A 44-year-old Idaho man has been charged with first degree murder in a bizarre incident Sunday night that left an 11-year-old boy dead, KTVB reported.
The Boise County Sheriff’s Office identified the suspect as Benjamin Michael Poirier and said he had no known connection with the family of the victim, Micah Lee Pecyna.
The incident took place shortly before 10:30 p.m. in a mobile home park in Horseshoe Bend, a town named for the horseshoe-shaped turn of the Payette River. Jon Dufresne, the owner of the mobile home park, said that Poirier “left his car down the road, walked around with a gun shouting ‘it’s the end of the world,’ ‘it’s time to die, things like that.'”
Capt. Matt Sly of the Idaho State Police told the Idaho Press that Poirier knocked on the door of the trailer where the 11-year-old lived and began talking with the people inside.
“For an unknown reason, he ended up shooting into the trailer,” Sly said. One of his bullets struck Pecyna.
At his arraignment on Monday, Prosecutor Adam Strong told the court there was some evidence that Poirier followed the family home from a nearby gas station but that there does not appear to have been a confrontation between him and the family.
“It seems unprovoked, it seems at this point random,” the prosecutor said. “There doesn’t appear to be any connection between the defendant and the victim.”
Deputies arrived quickly after the shooting, KTVB said, and were on foot looking for the suspect when he drove at them in his car. “He came at them at a high rate of speed,” Strong said. “Then crashed it — appears, at least initially appears deliberately — crashed into a large residential propane tank.”
Poirier was ordered held without bond.

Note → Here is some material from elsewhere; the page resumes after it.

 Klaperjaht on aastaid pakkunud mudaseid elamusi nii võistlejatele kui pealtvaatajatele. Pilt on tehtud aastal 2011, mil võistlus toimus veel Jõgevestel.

His next court appearance is March 30. The prosecutor could choose to seek the death penalty of Poirier.
Dufesne said he had installed 16 surveillance cameras at his park and had turned over the footage to investigators.
KTVB said that Poirier, originally from Florida, has no run-ins with Idaho law enforcement but has multiple convictions in Florida, including for battery and domestic battery.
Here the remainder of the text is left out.